Bingkisan Open House Prabowo: Nastar dan Amplop Isi Uang

PRESIDEN Prabowo Subianto menggelar open house atau gelar griya di Istana Kepresidenan Jakarta pada momen Idul Fitri 1447 Hijriah, Sabtu, 21 Maret 2026. Istana memberikan bingkisan Lebaran kepada warga yang hadir.

Scroll ke bawah untuk melanjutkan membaca

Bambang, pengendara ojek daring, membocorkan isi bingkisan yang dibagikan saat para tamu meninggalkan Istana itu. Bingkisan tersebut berada dalam kantong biru tua. “Ada payung, tumbler, dan kue nastar,” kata dia.

Di dalamnya, Bambang berujar, juga terdapat amplop putih polos berisi uang tunai. “Isinya nopek ceng (dua ratus ribu),” tutur laki-laki yang tinggal di Mangga Besar, Jakarta Barat ini.

Selain mendapat bingkisan, Bambang juga berkesempatan mencicipi berbagai suguhan saat open house di Istana. Dia mencoba hampir semua menu yang tersedia, dari lontong sayur, siomay, opor ayam, rendang, sate madura, bakso solo, hingga es teler dan es campur.

Istana menyiapkan porsi makan untuk sekitar lima ribu orang. Bambang tak melewatkan kesempatan untuk membungkus makanan tersebut. Dia membawa pulang satu plastik penuh berisi makanan dan minuman suguhan Istana. Banyak tamu lain juga membawa pulang makanan dari open house.

Open house di Istana dimulai pada sekitar pukul 13.30 WIB. Bambang bercerita, dirinya sudah mengantre di pagar Kementerian Sekretariat Negara, pintu masuk kompleks Istana, sejak pukul 09.00 WIB. Sebelum pagar dibuka, ribuan orang sudah terlihat menunggu di pinggir jalan.

Dalam gelar griya tahun ini, Presiden Prabowo sempat menyapa tamu-tamu yang hadir.
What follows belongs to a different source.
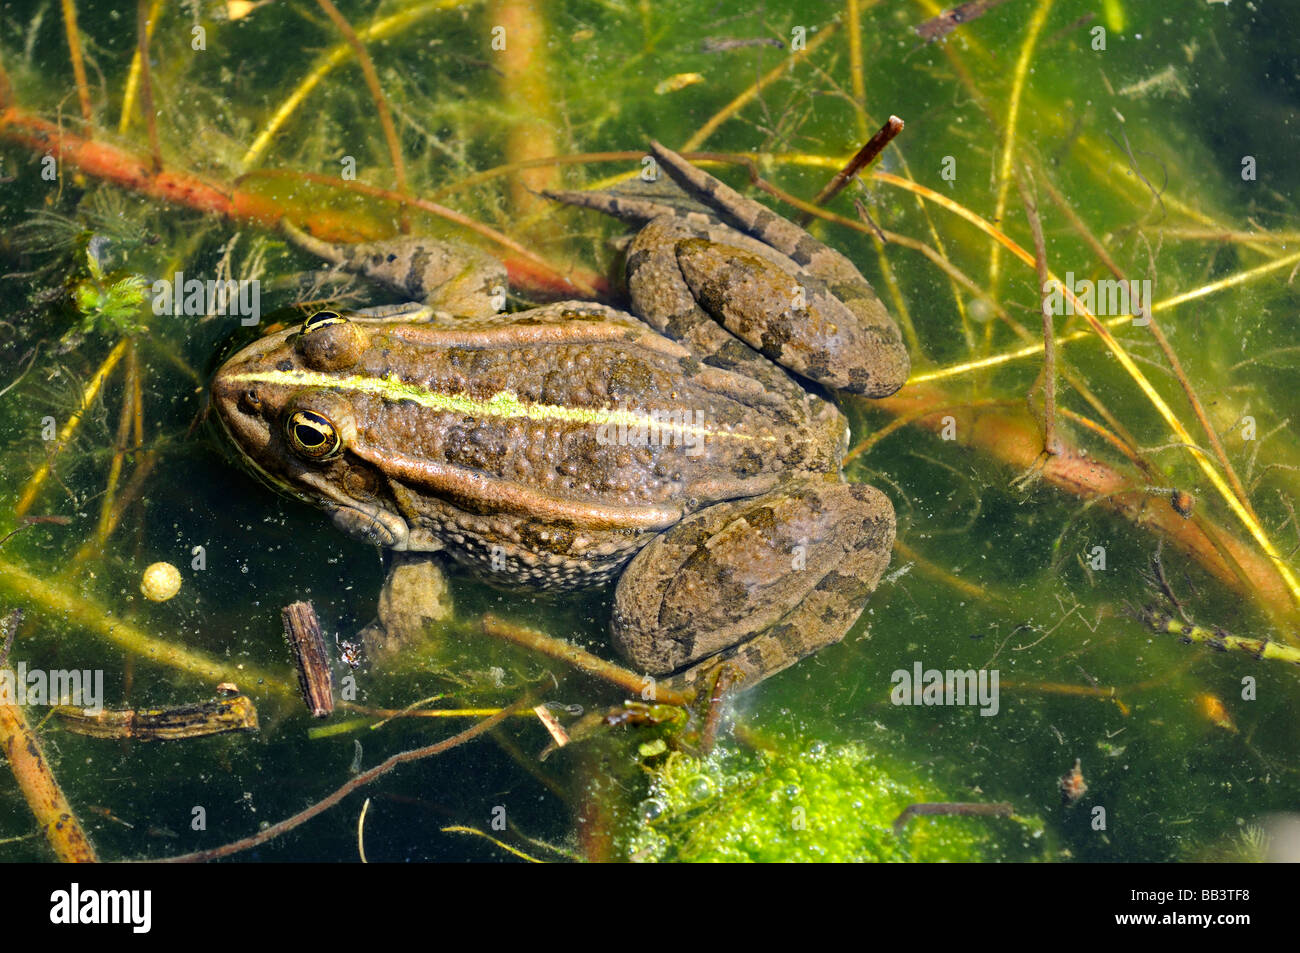 Edible frog, Water frog, Rana kl esculenta Stock Photo

Acara silaturahmi berlangsung dalam tenda besar yang didirikan di taman kompleks Istana Kepresidenan.

Prabowo terlihat tiba di ruang acara pada sekitar pukul 15.00 WIB didampingi putranya, Didit Hediprasetyo. Ketua Umum Partai Gerindra ini pun berkeliling menyalami warga yang hadir.

Namun, tidak semua orang berhasil masuk ke open house Istana karena keterbatasan kapasitas. Gilang Ramadan, warga asal Cempaka Putih, Jakarta Pusat, gagal menuju ruang silaturahmi meski sudah mengantre dari pukul 12.30 WIB.

Gilang bercerita, warga yang tidak dapat mengikuti open house diberikan sembako. Isinya susu kental manis, kotak biskuit Monde, dua pak kopi Kapal Api, teh, satu botol kecap dan saus sambal, sekotak Energen, beras 5 kilogram, serta payung. Mereka juga mendapatkan satu paket makan siang Hoka Hoka Bento.

Gilang, yang saat ini menganggur, mengatakan awalnya tidak tahu ada open house di Istana. “Kebetulan tadi saya lagi duduk di halte, dikasih tahu sama orang. Katanya daripada diam, mending antre di situ (Istana),” ucapnya.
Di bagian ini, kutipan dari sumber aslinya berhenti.